Tenía cinco años cuando asistió con sus padres a una fiesta en el hotel más imponente de La Costa. Los miembros de la sociedad étnica celebraban la excelente cosecha producida ese año y las insuperables ventas, ignorando la extraña sensación de agobio que se propagaba en el ambiente y que todos podían sentir, incluso ella.
A los pocos minutos de haber iniciado la festividad se desató el caos.
Rebeca solo recordaba haber escuchado explosiones y gritos llenos de desesperación, así como disparos y rugidos de animales salvajes.
Una mano delgada la ayudó a esconderse bajo una mesa mientras afuera se desataba una sangrienta masacre, y en medio de la oscuridad lo único que divisó fue la mirada intensa del niño que la acompañaba y no soltaba su mano.
Su presencia y cercanía la calmaba.
Al captar el olor de la madera quemada ambos salieron de su escondite, quedando petrificados. A su alrededor poderosas llamas comenzaban a alimentarse con los restos de la destrucción ocasionada y de los cuerpos inertes de los que habían fallecido ese día.
Con los ojos agrandados y rebosantes de lágrimas, ella repasó el lugar. En un rincón su madre lloraba desconsolada, con su padre en brazos.
La sangre cubría casi en su totalidad el cuerpo sin vida del hombre, y tras ellos, una figura fantasmagórica salía agazapada de entre las lenguas de fuego.
Era un animal muy grande y fiero, que la observaba con rencor a través de unas pupilas inyectadas de sangre.
Apretó con fuerza los labios para no dejar escapar el grito de terror que solía emitir cuando recordaba ese fragmento de su vida pasada.
Sentía un miedo inmenso por esa bestia que desde ese día la rondó en sueños por muchos años, hasta que pudo hacerla desaparecer con ayuda de psicólogos y psiquiatras.
De mal humor continuó su día y por la tarde se sintió exhausta.

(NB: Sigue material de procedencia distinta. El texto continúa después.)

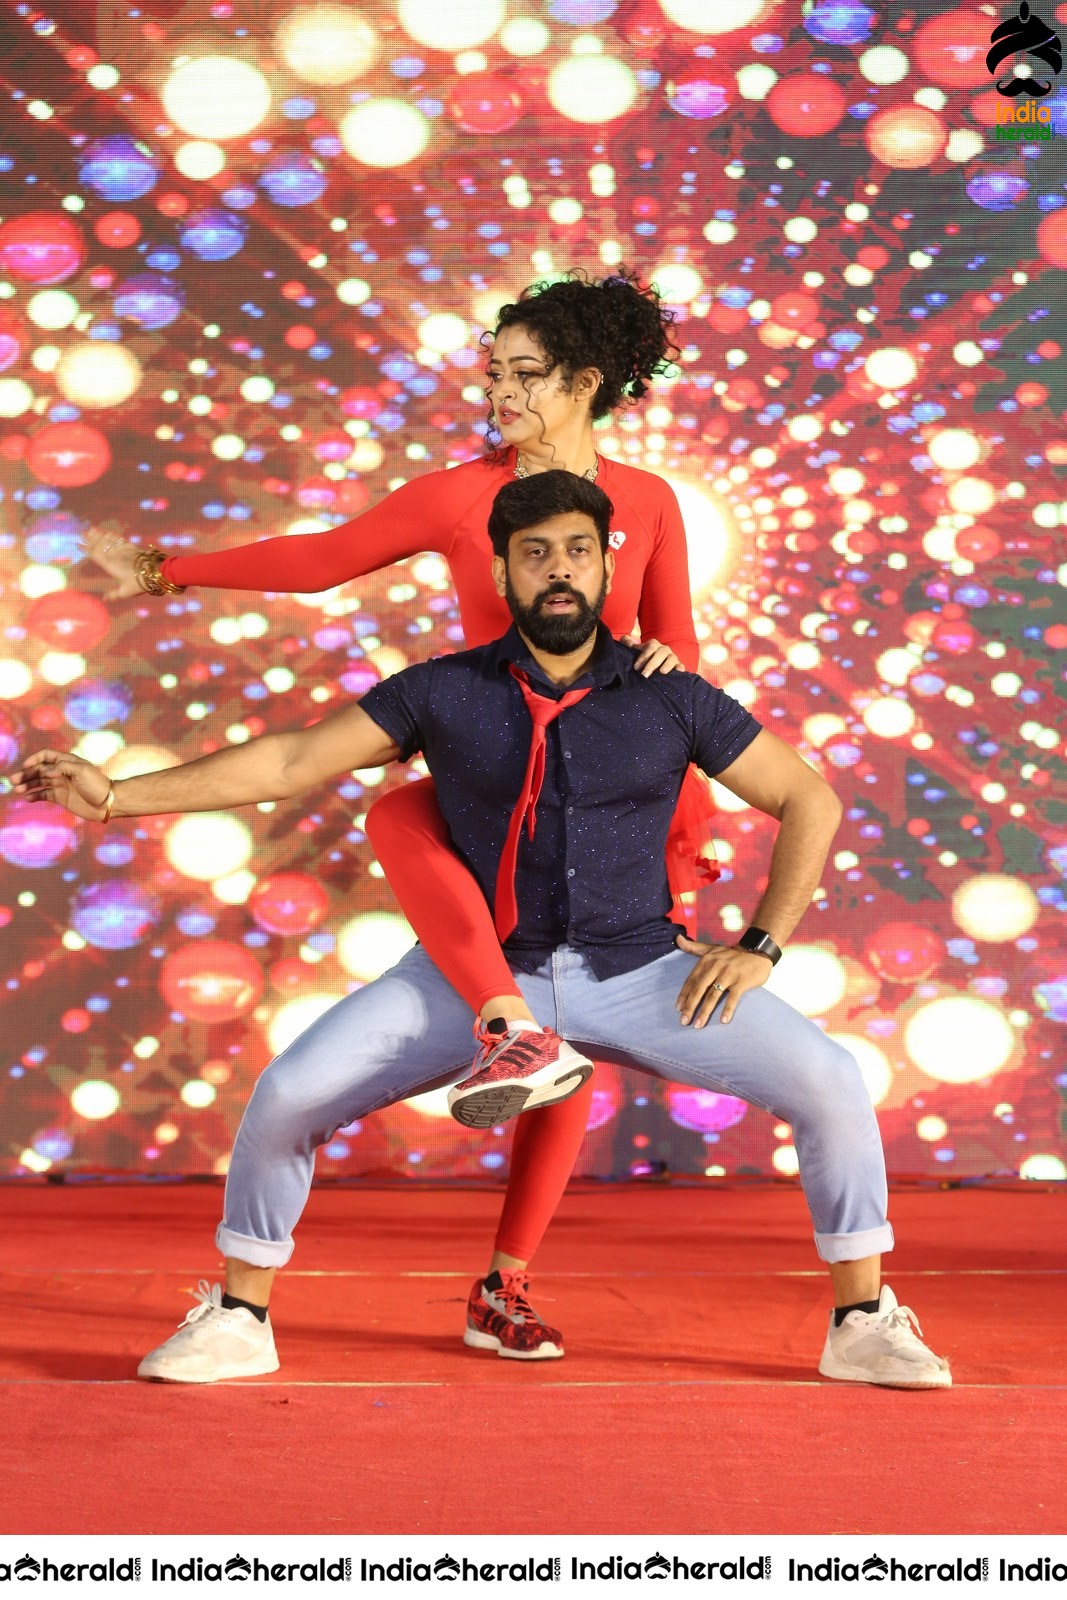 Hot Dance Performed On the Stage at Ullala Ullala Movie Event Set 2

Marian nunca apareció, la había llamado en un par de oportunidades asegurándole estar muy ocupada, por eso ella decidió cerrar antes y darse una vuelta por los alrededores.
Desde que el líder Pablo comenzó con su insistencia de que viajaran a La Costa para resolver los inconvenientes de los envío de dinero, ella lo apoyó para convencer a su madre.
Sentía una ansiedad apremiante por caminar de nuevo por las calles arenosas de ese poblado, lleno de vitalidad y alegría.
Los aromas del mar y el sonido del oleaje la acompañaban hasta en los callejones más apartados, así como el murmullo de la gente y la actividad turística.
Rebeca se alejó del casco central del pueblo en dirección a las plantaciones de café, plátano y naranja; buscaba el río.
Se dejó guiar por una sensación de curiosidad y júbilo a pesar de no recordar nada de aquellos caminos.
Se sumergió entre senderos de tierra, trazados entre matorrales. El colchón vegetal silenciaba los sonidos del mar y agitaba los de la naturaleza, pero además, producía uno que a la chica le erizaba la piel: tambores.
Por un momento se detuvo, sin saber si continuar o no. Aquel sonido despertaba sus temores, porque estaba ligado a sus pesadillas.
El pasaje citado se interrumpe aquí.